Statistical Analysis
Variables used in analyses included baseline serum IGF-1, IGFBP-3, IGF-1:IGFBP-3 ratio; age at randomization; height, weight, and body mass index (BMI, kg/m2); smoking history (years smoked, cigarettes smoked/day, and pack-years); urban living; education; medical history of gallstones, pancreatitis, peptic and duodenal ulcers, and diabetes mellitus; occupational and leisure activity; intervention group; and dietary energy, energy-adjusted carbohydrate, fat, saturated fat, carbohydrate, starch, free sugars, sucrose, protein (total, animal, milk, and vegetable), zinc, calcium and folate intake; and alcohol consumption. Case versus control comparisons for continuous variables were performed using the Wilcoxon rank sum test. Categorical variables were contrasted using asymptotic χ2 tests. Generalized linear models adjusted for age as a continuous variable were used to estimate means and 95% confidence intervals (CIs) of the cohort characteristics among the controls by quintile of IGF-1 for continuous variables to help identify potential confounders. Because disease history variables were proportions, logistic regression was used to estimate age-adjusted proportions and 95% CIs by quintile of IGF-1. Quintiles were used instead of tertiles for these descriptive analyses to better describe the population. A test for trend was performed for each characteristic across the IGF-1 quintiles using contrast coefficients (e.g., the five categories used −2, −1, 0, 1, 2 contrast coefficients).
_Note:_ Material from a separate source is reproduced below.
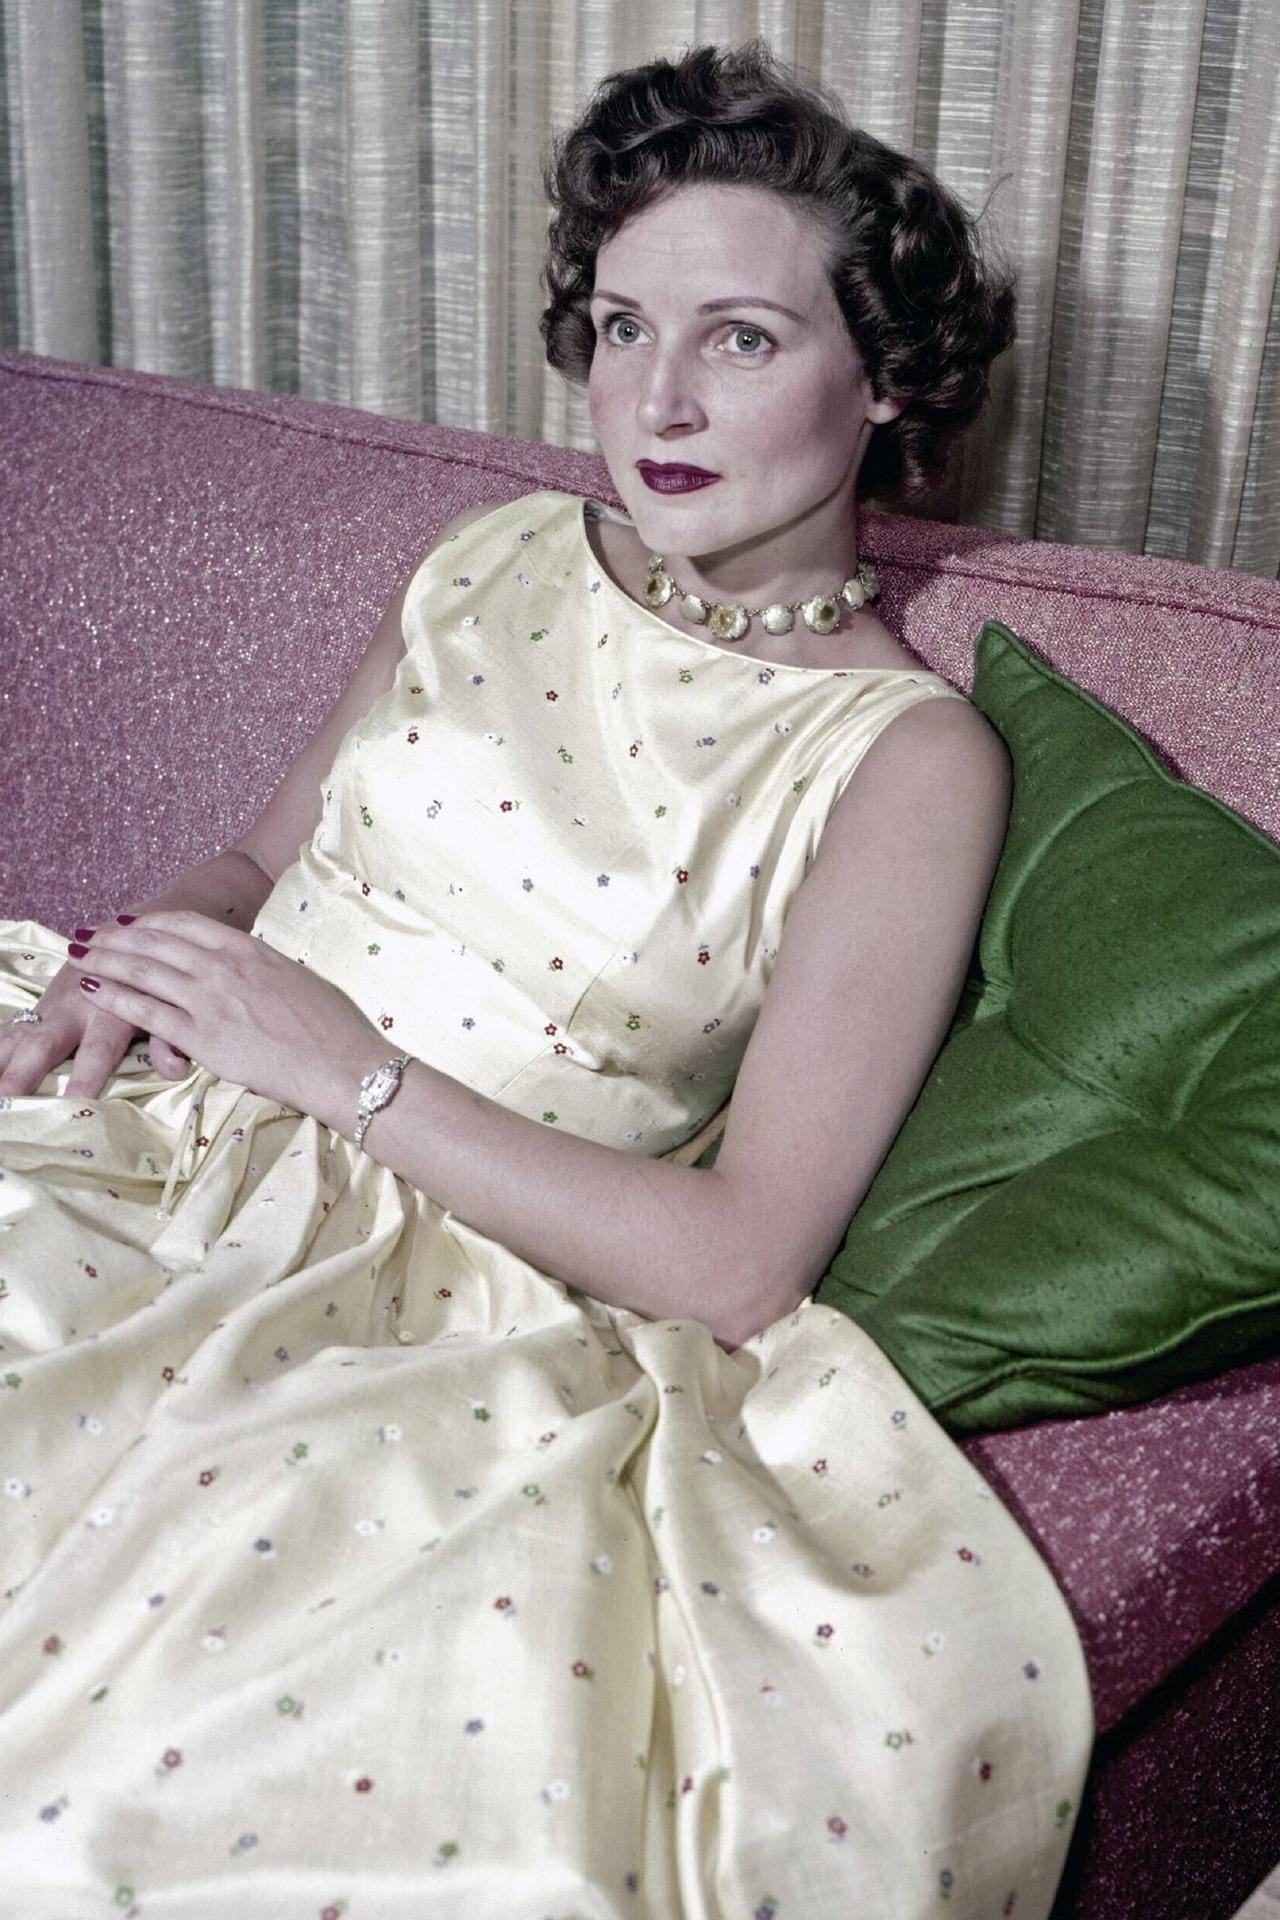 1949 bekam sie dann ihre eigene Talkshow: "Hollywood on Television".

We estimated odds ratios (ORs) and 95% CI using logistic regression models. Variables were categorized based on the distribution of the controls for the analysis. Risk estimates for the serum factors were based on tertiles because this approach gave the most stable estimates. Trends for the categorical variables were tested by calculating a score variable based on the median values of each category. Multivariable models were developed for serum IGF-1, IGFBP-3, and IGF-1:IGFBP-3 molar ratio by individually adding covariates into the models. All multivariable models included continuous variables for age and years smoked and other variables were included in the final model if they were associated with both the risk factor and the disease, changed the risk estimate greater than or equal to 10%, had a P value less than or equal to 0.20 in the full model, and/or increased the precision of the risk estimate. We also examined effect modification of IGF-1, IGFBP-3, and IGF-1:IGFBP-3 ratio by BMI, height, weight, smoking dose (number of cigarettes smoked/day, years smoked, and pack-years), age, energy, energy-adjusted protein, and alcohol intake. Effect modification was examined and tested through cross product terms using categorical trend variables in multivariable models and stratified analyses.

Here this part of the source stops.